[Babcock_Hall]

Diabetic ketoacidosis is seen in type I and occasionally type II diabetes, and it is a serious complication.  The slowing down of the Krebs' cycle causes the acetyl CoA produced in the β-oxidation of fatty acylthioesters to be shunted toward the production of ketone bodies, acetone, acetoacetate and hydroxybutyrate.  What I am trying to understand is the reason for the acidosis.  The biochemistry textbooks I have consulted so far mention that two of these compounds are acids (when written as neutral molecules).  However in the presentations of the pathways I have looked at, the reactions are not always correctly balanced, if I am not mistaken.  One possibility is that the production of ketone bodies is not the source of the acid, but rather it is the β-oxidation.  One equation I have seen indicates that for the 16-carbon saturated fatty acyl thioester palmitoyl CoA, there are 7 protons produced, along with 8 molecules of acetyl CoA.  I am attaching a pdf file of the pathway.  In this drawing I modified a textbook presentation to include protons at reactions 2 and 4. 

[Babcock_Hall]

“Anion gap = [Na+] – ([Cl-] + [HCO3-])

“The normal value is about 12 meq/liter (range 8 to 16).  The anion gap estimates the unmeasured anions in the plasma and is normally composed of polyanionic plasma proteins such as albumin (1 g/dL of serum protein possesses negative charge equivalent to 1.7 to 2.4 meq/liter), phosphate, sulfate, lactate, and other organic anions.

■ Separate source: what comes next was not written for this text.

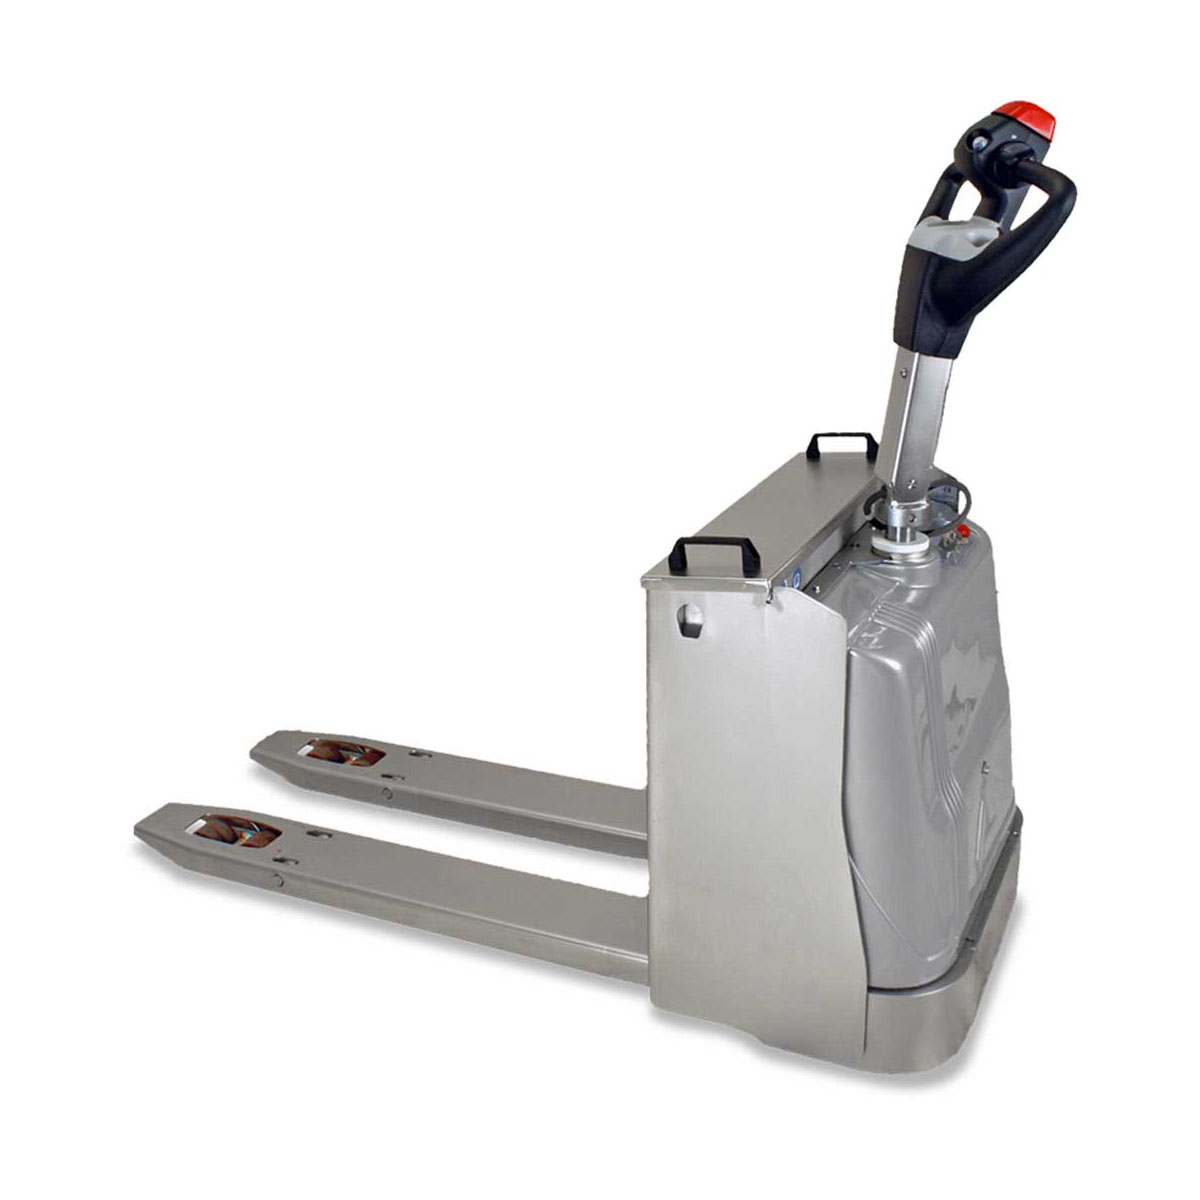 Buy Electric Pallet Trucks (Stainless Steel) available at Astrolift NZ
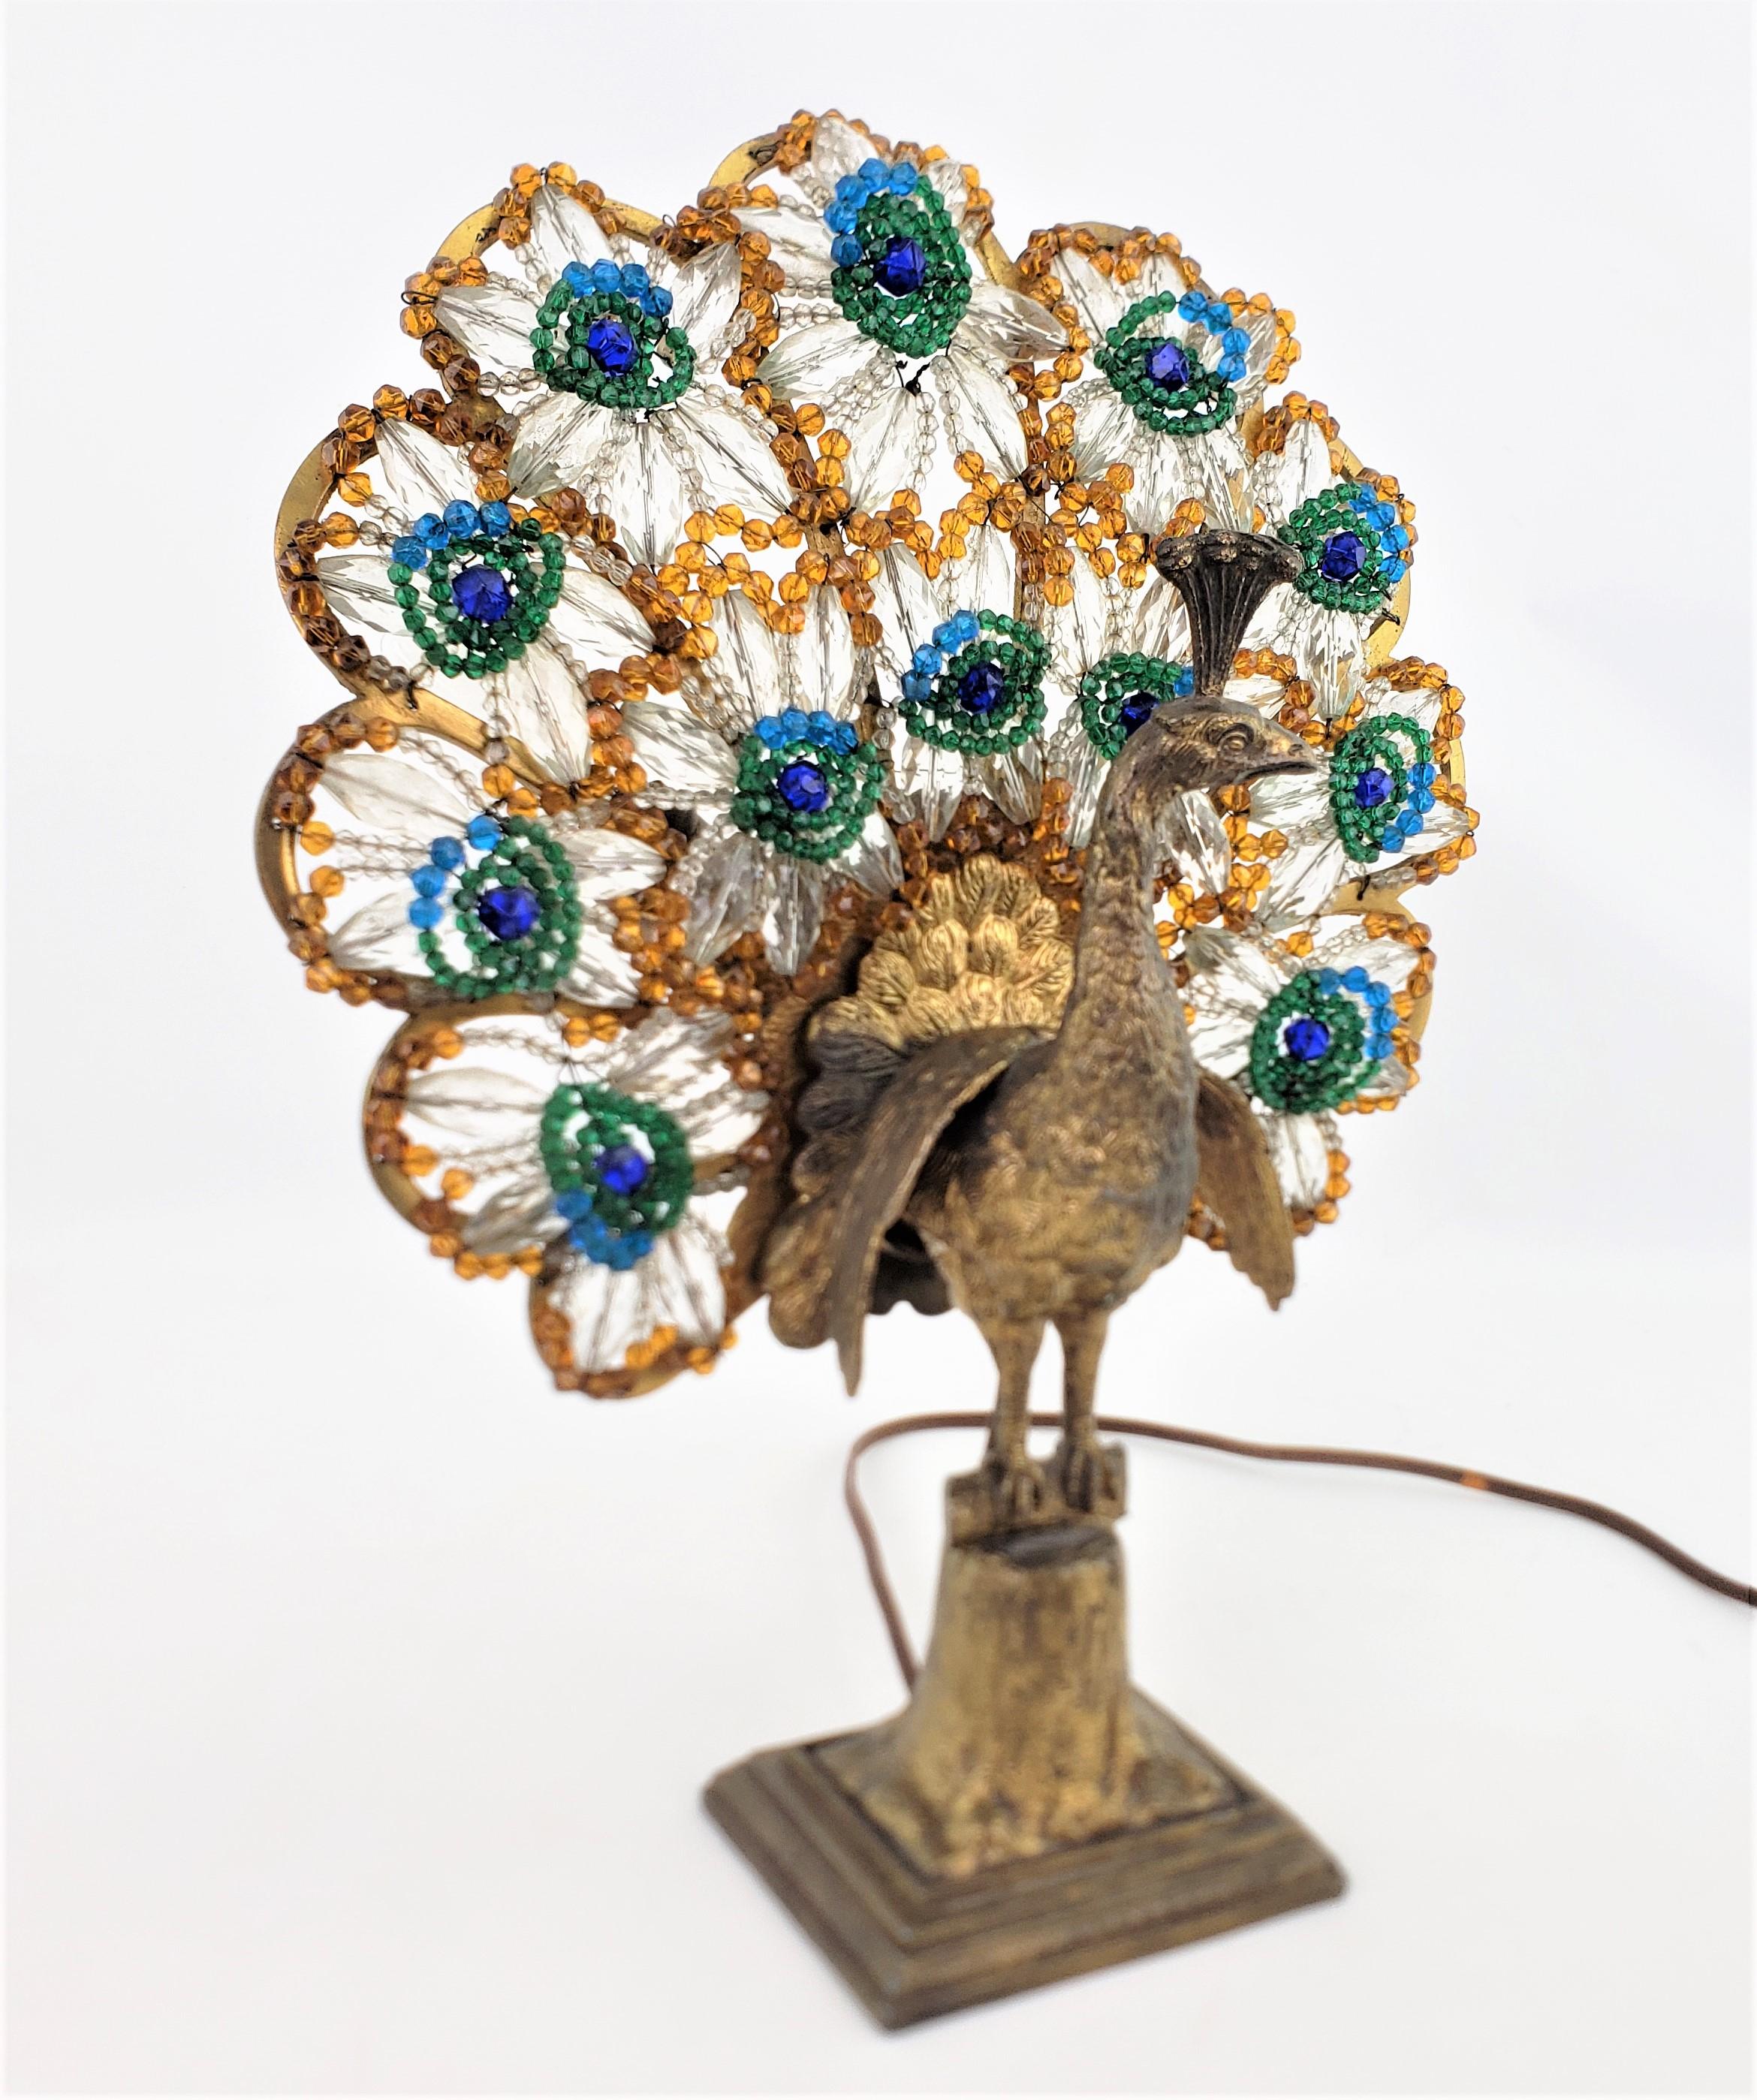 This antique figural peacock lamp is unsigned, but presumed to have been in the former Czech Republic in approximately 1920 in a period Art Deco style. The lamp is ornately cast of spelter and show considerable detail in the feathers and body, which

“The anion gap is particularly useful in evaluating metabolic acidosis.  Elevated values indicate that the acidosis is due to ingestion or generation of a fixed acid, stronger than H2CO3, at rates that exceed the rate at which the anion can be excreted from the body.  Examples are diabetic ketoacidosis, in which acetoacetic and -hydroxybutyric acids are generated; lactic acidosis; and renal failure, in which the rate of generation of strong acids is normal but the anions the acids, e.g., phosphate and sulfate, cannot be normally excreted.  Ingestion of methanol, which generates formic acid, ingestion of ethylene glycol, which yields oxalic acid, and salicylate intoxication all produce high anion gap acidosis.”

p. 188 in Principles of Biochemistry: Mammalian Biochemistry, 7th ed., Smith E, Hill, RL, Lehman IR, Lefkowitz, RJ, Handler P, White A, McGraw-Hill, 1983.